Выполнение данной задачи было поручено Серебрянскому, который приказал создать для похищения архива специальную группу «Генри». Потом его агентами была арендована квартира непосредственно над помещениями института, из которой за его сотрудниками велось постоянное наблюдение. Затем согласно инструкциям Серебрянского Зборовскому, работавшему в то время инженером на телефонной станции, было приказано вывести из строя телефонную линию института с тем, чтобы получить возможность узнать точное местонахождение документов Троцкого и обследовать дверные замки. Но когда из института поступило сообщение о неисправности телефонной линии, для исправления неполадок направили не Зборовского, а другого монтера. Зборовскому пришлось снова вывести из строя телефон института, и на этот раз для проведения ремонта послали именно его. Когда же он выходил из здания, устранив неисправность и внимательно изучив все помещения и дверные замки, директор института, известный меньшевик и эмигрант Борис Николаевский, которого в Москве называли «врагом народа», дал ему «на чай» 5 франков.
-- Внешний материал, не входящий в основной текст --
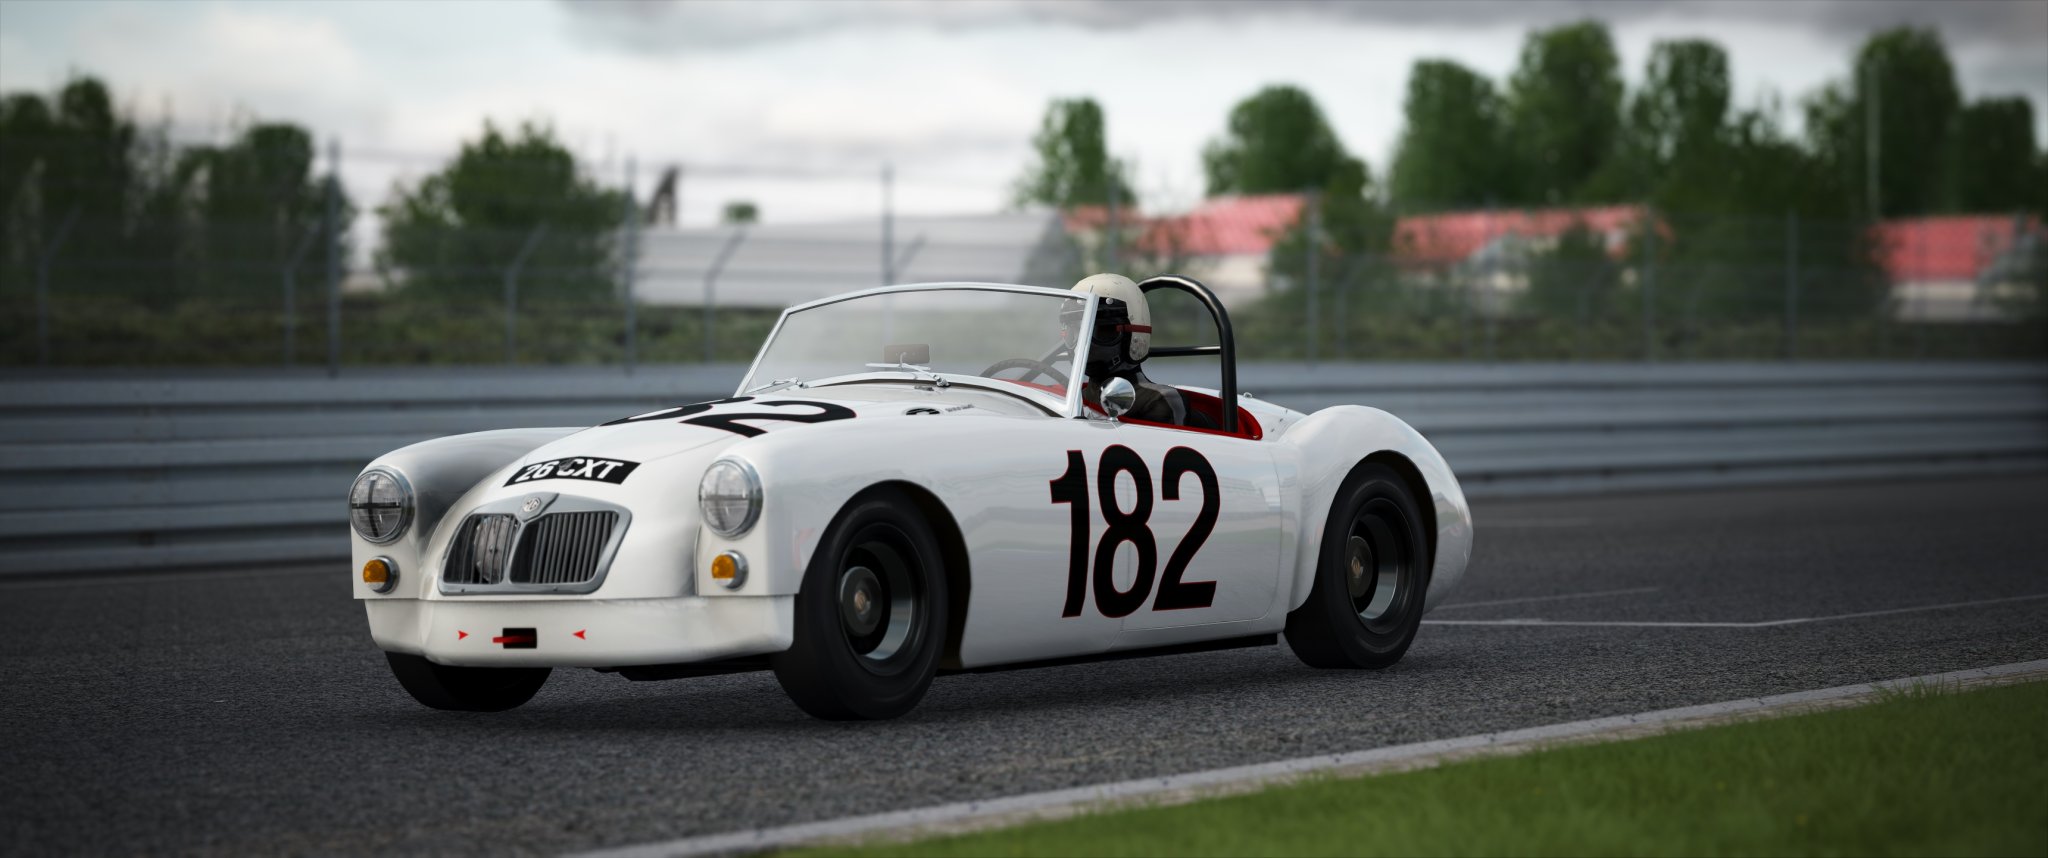 Screenshot_tc_legends_mg_a_race_ks_nurburgring_4-11-123-7-29-51.jpg

В 2 часа ночи 7 ноября 1936 года члены группы «Генри» приступили к завершению операции. При этом важная роль отводилась агенту англичанину Моррисону («Гарри»), имевшему прочные связи в седьмом округе управления полиции Парижа. Поскольку к этому времени не удалось подобрать ключи к дверным замкам, было решено взломать их при помощи электродрели, подключенной к генератору, помещенному в деревянный ящик, набитый опилками и ватой. Операция прошла успешно — взломщики незаметно проникли в институт и также покинули его с бумагами Троцкого. Однако как Седов, так и французская полиция сразу стали подозревать в случившемся советские спецслужбы, поскольку кража была совершена очень профессионально, а также не были тронуты деньги и ценности, принадлежащие институту.
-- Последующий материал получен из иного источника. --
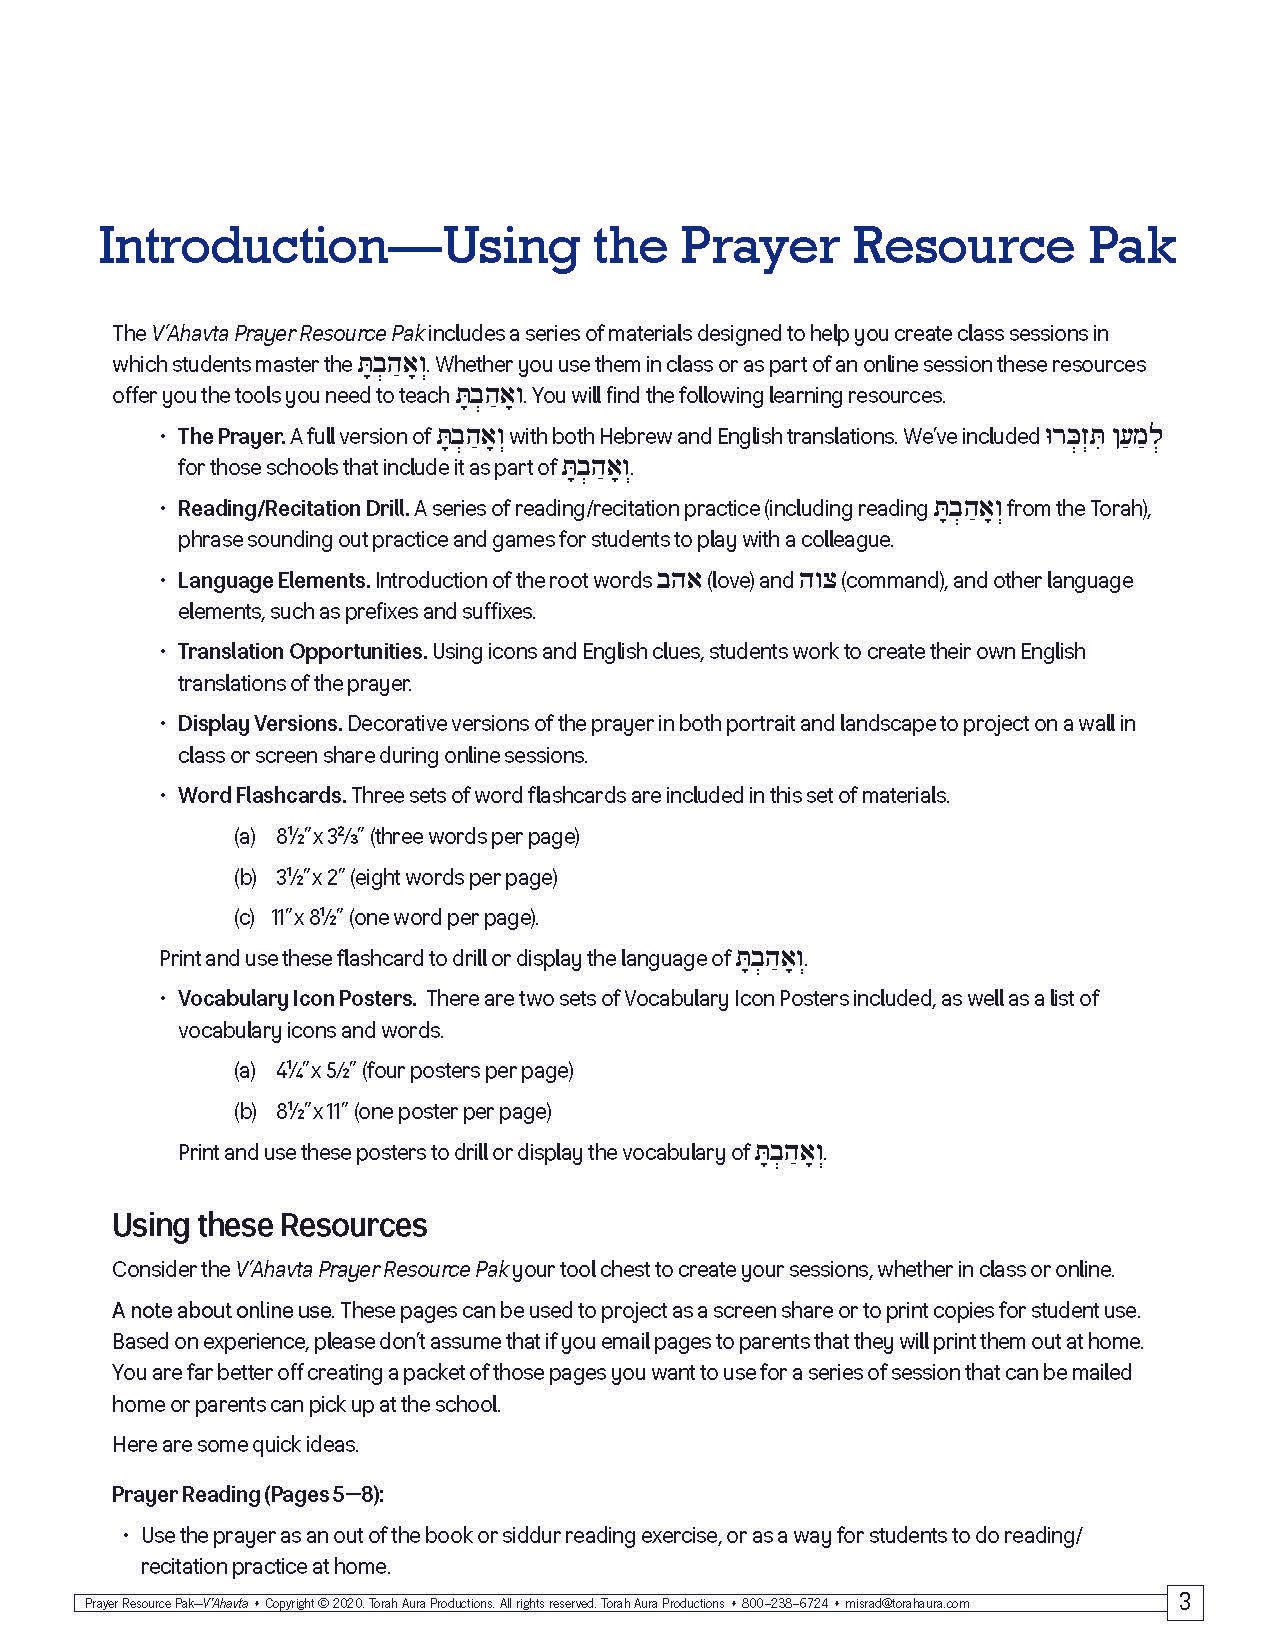 Prayer Resource Pack: V'Ahavta

Здесь необходимо добавить, что охота за архивами Троцкого шла постоянно. Так, упомянутый выше Афанасьев с конца 1936 по начало 1938 года провел во Франции ряд операций, в результате которых были похищены старый и новый архивы Седова, архив Международного секретариата, занимавшегося созданием IV Интернационала, а позднее и новый архив этого секретариата.

После всех этих похищений огромное количество рукописей, статей и писем общим весом около 80 кг были тайно доставлены в Москву Историк Д. Волкогонов в своей книге «Троцкий» пишет, что в почте, которую ежедневно доставлял вождю А.Н. Поскребышев, не раз встречались доклады такого рода:

«Совершенно секретно.

Секретарю ЦК ВКП(б) — тов. Сталину.

Направляю Вам 103 письма, изъятые из архива Троцкого в Париже.
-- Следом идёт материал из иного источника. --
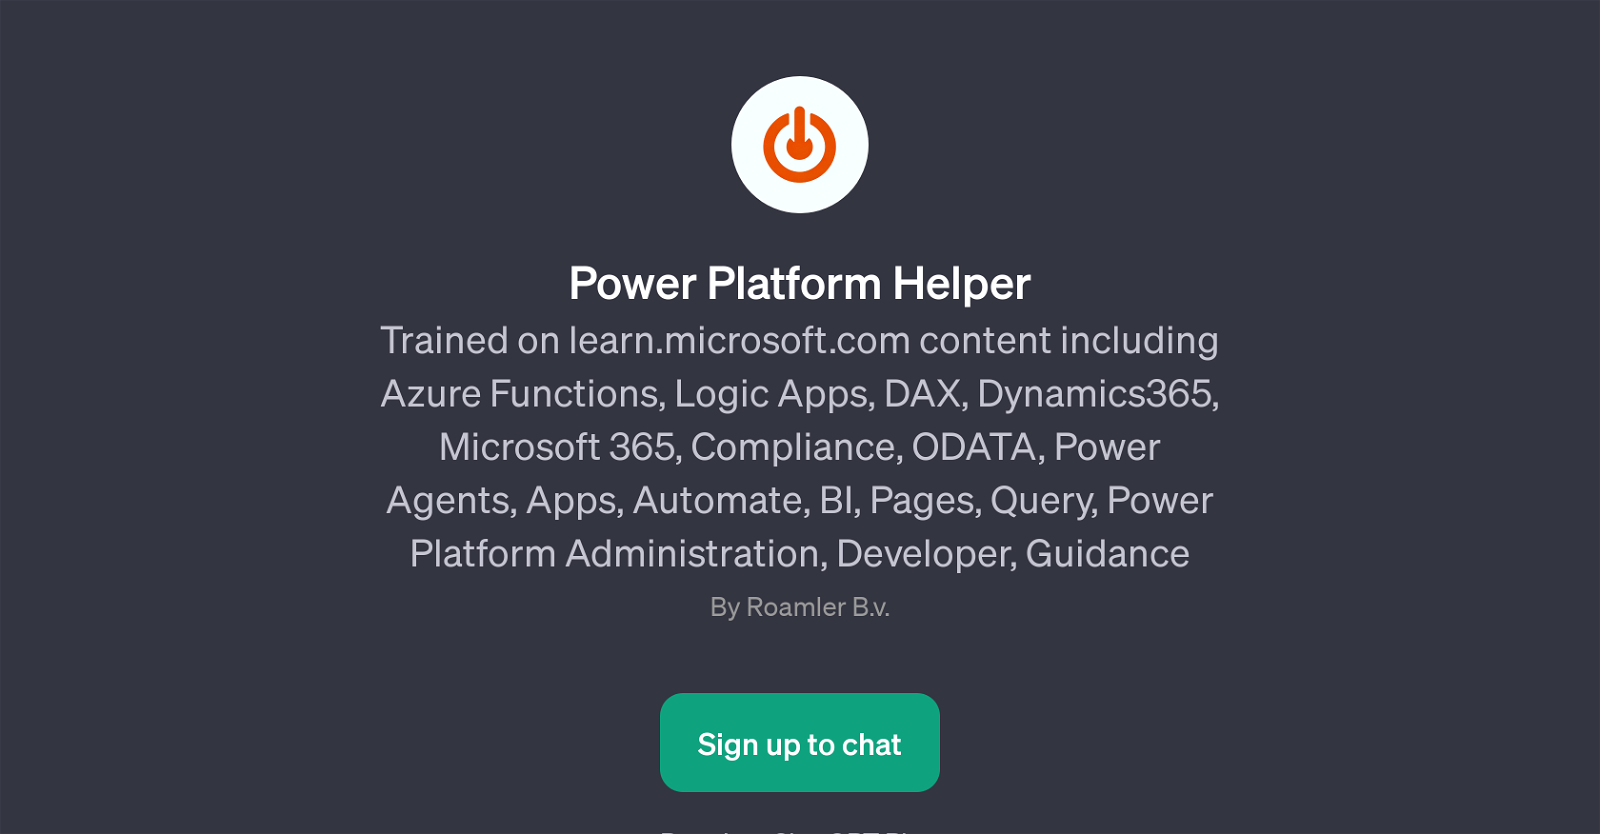 Power Platform Helper website

Письма содержат переписку Троцкого с американским троцкистом Истменом и его женой Еленой Васильевной Крыленко за 1929–1933 гг.

Народный комиссар внутренних дел Союза ССР

Ежов»[209].

Кроме бумаг из архивов Троцкого и Седова на стол Сталина практически ежедневно ложились донесения о деятельности троцкистов по организации IV Интернационала, которой непосредственно занимался Седов. Деятельность эта, безусловно, вызывала у Сталина определенное беспокойство. Но трудно представить себе, какие чувства охватили его, когда ему на стол легло следующее донесение Зборовского от 11 февраля 1937 года:

«С 1936 года „Сынок“ не вел со мной разговоров о терроре. Лишь недели две-три тому назад, после собрания группы, „Сынок“, снова заговорил на эту тему. В первый раз он только теоретически старался доказать, что терроризм не противоречит марксизму. „Марксизм, — по словам „Сынка“, — отрицает терроризм постольку, поскольку условия классовой борьбы не благоприятствуют терроризму, но бывают такие положения, в которых терроризм необходим“. В следующий раз „Сынок“ заговорил о терроризме, когда я пришел к нему на квартиру работать. Во время читки газет „Сынок“ сказал, что так как весь режим в СССР держится на Сталине, то достаточно убить Сталина, чтобы все развалилось. Он неоднократно возвращался и подчеркивал необходимость убийства Сталина.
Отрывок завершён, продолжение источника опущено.